O primeiro relato de uma viajante feminina data de 381 d.C., quando Egéria começou sua peregrinação pela Europa em direção a Jerusalém. A viagem, que em 2024 dura poucas horas de avião, levou anos.
Pouco se sabe sobre Egéria: sabemos que ela tinha algum poder e influência, uma vez que pôde se dar ao luxo de fazer a travessia, e que foi acompanhada por homens do clero durante todo o percurso.
Seu diário de viagem foi recuperado séculos depois, em 1884, após ser encontrado em um mosteiro beneditino. É considerado um importante documento histórico, que dá pistas sobre as diferenças na liturgia cristã de Jerusalém e da Europa ocidental num tempo em que a religião ainda estava se estabelecendo.
Mais de mil anos depois, é a vez de outra viajante, a nobre inglesa Hester Lucy Stanhope, chegar a Jerusalém. Viajando no início do século 19, de cabelo raspado, turbante e trajes masculinos, Hester representava “uma extraordinária subversão dos hábitos ocidentais”. Em suas perambulações, tornou-se conhecida como a “rainha Hester” em Palmira, cidade localizada em uma área que hoje pertence à Síria.
As histórias dessas personagens históricas, pouco conhecidas do público brasileiro, são contadas no livro “Mulheres Viajantes”, de Sónia Serrano, recém-lançado pela Tinta-da-China.
Serrano, que é portuguesa, afirma que começou a se interessar pelo tema em 2010, quando montava em Lisboa uma exposição da obra fotográfica da suíça Annemarie Schwarzenbach —a artista foi de carro de Genebra até Cabul, no Afeganistão, em 1939.
“Essa jovem suíça, morta aos 34 anos em plena Segunda Guerra Mundial, notoriamente desconhecida, tinha vindo a adquirir uma popularidade marginal e quase secreta no domínio da literatura de viagens”, escreve Serrano, que se descreve como uma “investigadora na área de literatura de viagem”, em seu preâmbulo à edição brasileira.
Na época, a portuguesa já acompanhava os relatos de grandes travessias, mas não tinha um interesse particular pelas viajantes femininas históricas —em parte por nem sequer ter ouvido os seus nomes.
“Mas como parte da exposição, fomos pesquisar o quão comum seria para uma mulher, nessa primeira metade do século 20, viajar sozinha ou até simplesmente viajar”, diz Serrano. “Então pus-me a investigar e pronto, encontrei um sem-número de mulheres viajantes como ela, que eu não conhecia.”
A curiosidade a levou a escrever o livro, publicado em Portugal pela primeira vez em 2014. Na obra, Serrano não apenas se debruça sobre as histórias particulares dessas personagens, como também discorre sobre os desafios e especificidades de ser uma mulher que viaja.
Um dos capítulos trata, por exemplo, de segurança.

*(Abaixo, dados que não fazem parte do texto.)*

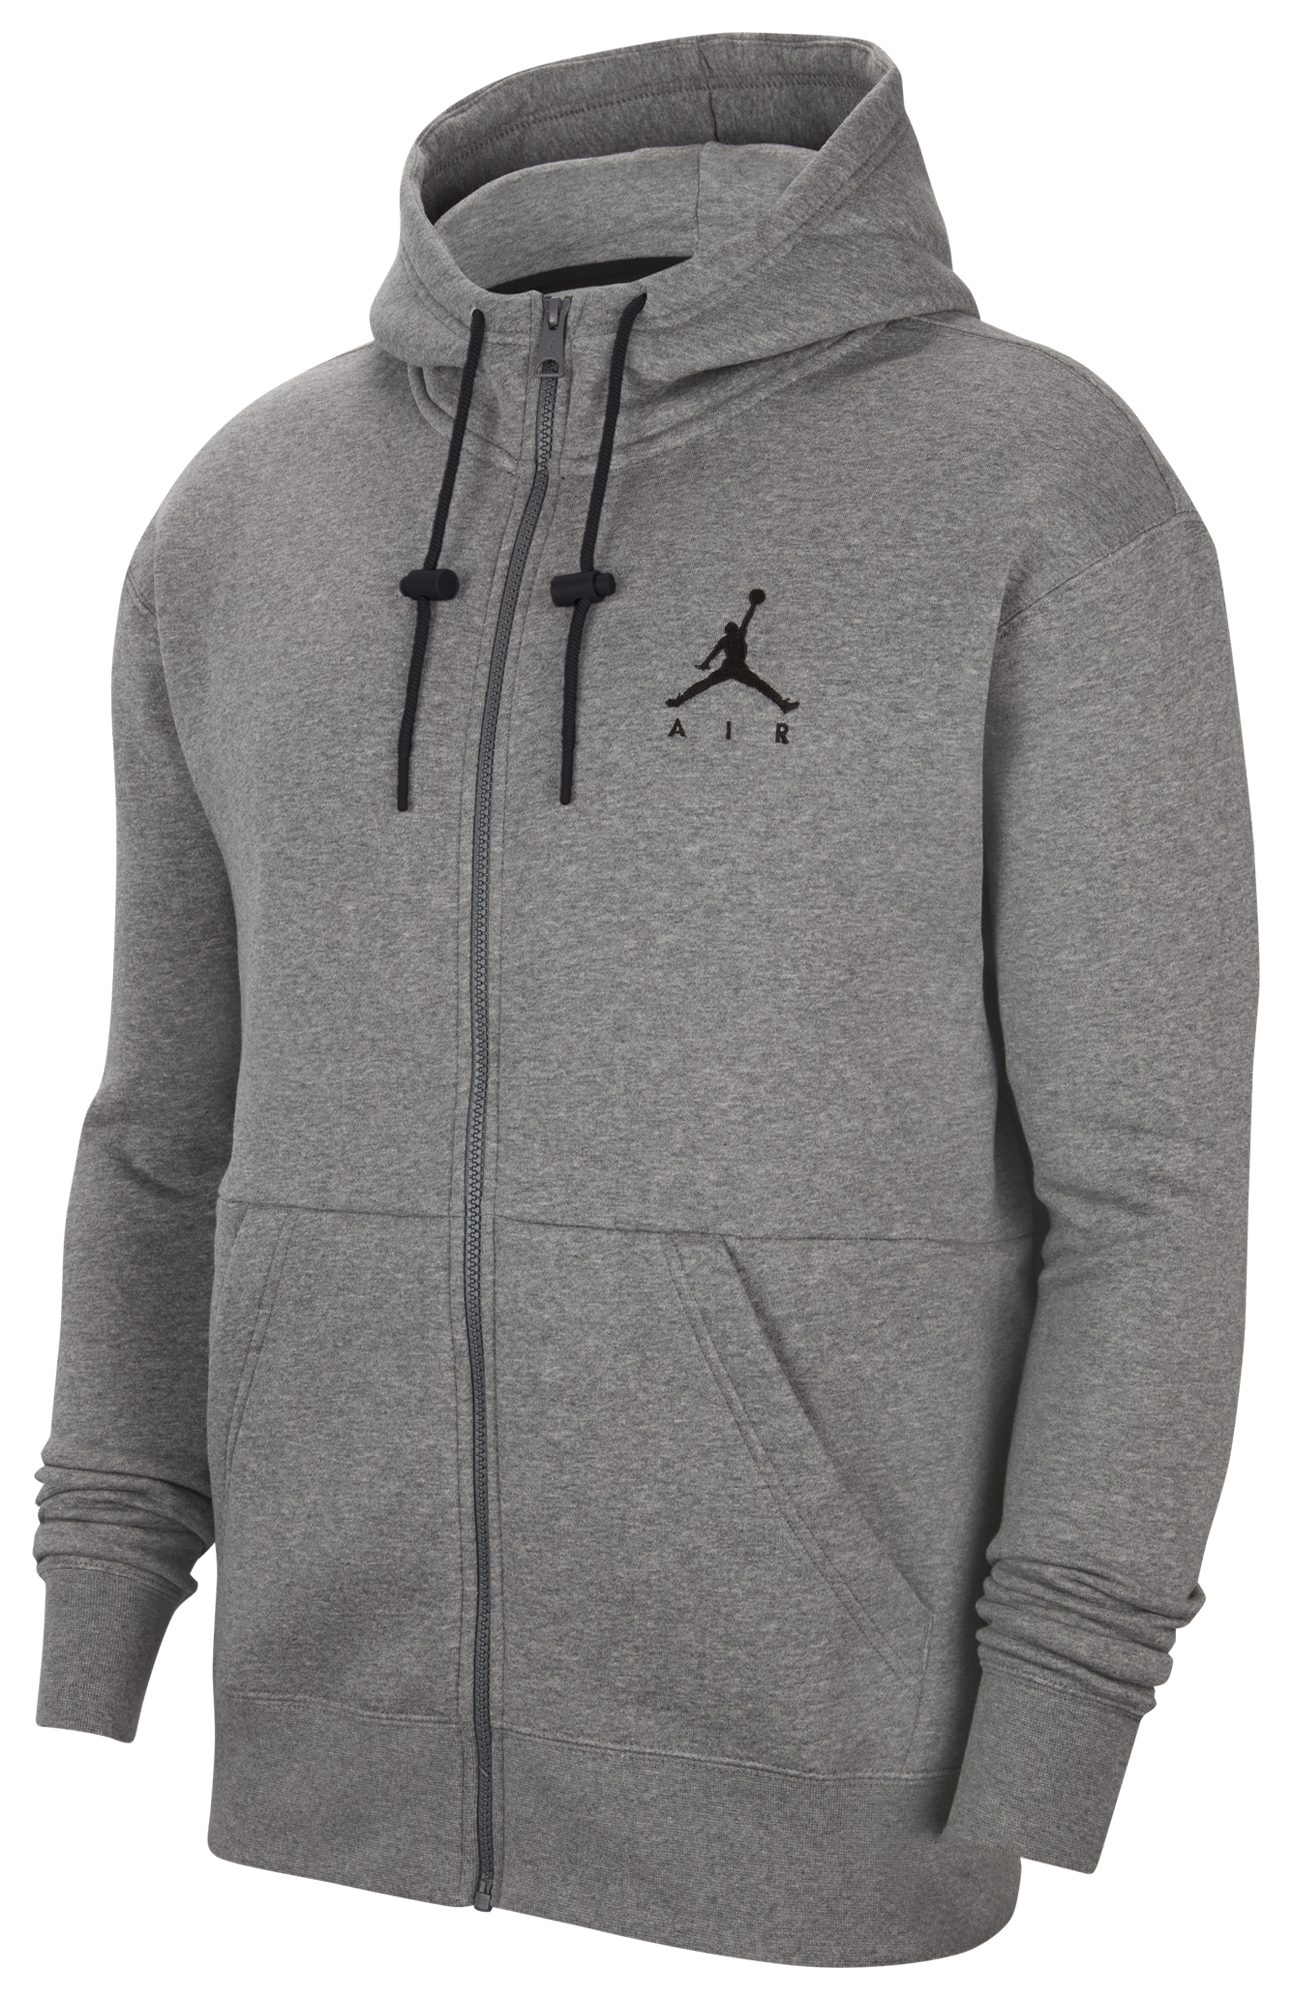 grey and black jordan hoodie

A autora diz se impressionar com o fato de que alguns perigos relatados séculos atrás permanecem no caminho das mulheres viajantes.
“Eu acho que ainda hoje há certa perplexidade ao se ver uma mulher viajar sozinha, parece que há ousadia em fazer isso porque acham que continua a ser uma atividade perigosa. E não deveria ser, não é?”, diz a escritora.
Ela relembra o caso das argentinas Maria José Coni, 22, e Marina Menegazzo, 21, mortas no Equador em 2016 enquanto realizavam um mochilão pela América do Sul.
“Falou-se muito do fato de elas terem ido viajar sozinhas, de como é que elas tinham ido para aqueles lugares. É horrível, é indecente, e coloca o peso todo na vítima”, diz Serrano. “Quando acontece alguma coisa com o homem, nunca vi essa fala de ‘mas ele estava viajando sozinho’.”
A edição brasileira do “Mulheres Viajantes” traz ainda a história da velejadora Tamara Klink, que aos 24 anos cruzou o Atlântico sozinha. Aos 27, tornou-se a primeira mulher a passar sozinha pela “invernagem” de três meses no Ártico.
“Eu acho que ela é muito interessante. E tão jovem, não é? Já com uma vida de viajante tão intensa”, diz Serrano.
Um dos pontos mais curiosos das mulheres viajantes de Serrano é que elas não se encaixam necessariamente no rótulo de “mulheres à frente de seu tempo”. Muitas são, justamente, membros de classes privilegiadas, às vezes até aristocratas —o que as permitia viajar—, e não tinham posições feministas ou progressistas.
A inglesa Gertrude Bell, por exemplo, foi uma figura proeminente do movimento antissufragista. Mesmo Lady Hester Stanhope, a “rainha de Palmira” que desafiava os costumes da época com o cabelo raspado e montando a cavalos “como um homem” —isto é, com uma perna de cada lado da sela— ficou conhecida por nutrir profundo desdém por outras mulheres, que considerava fúteis.
“Tem o mais elevado desprezo pelo seu sexo, pelo menos naquela parte em que este se entretém com nada mais que visitas, capas e gorros e todos esses objetos frívolos”, escreveu um companheiro de viagem sobre ela em 1810.
“Quando comecei a investigar, pensei ‘elas são todas aventureiras’, achava que elas teriam todas mais ou menos as mesmas características, e não têm, obviamente. São pessoas individuais, com seus anseios, seus desejos, seus medos, seus preconceitos,” conclui Serrano.
O lançamento da edição brasileira acontece nesta quinta-feira (13), em São Paulo, na Livraria da Tarde, com a presença das escritoras Gaía Passarelli e Paula Carvalho.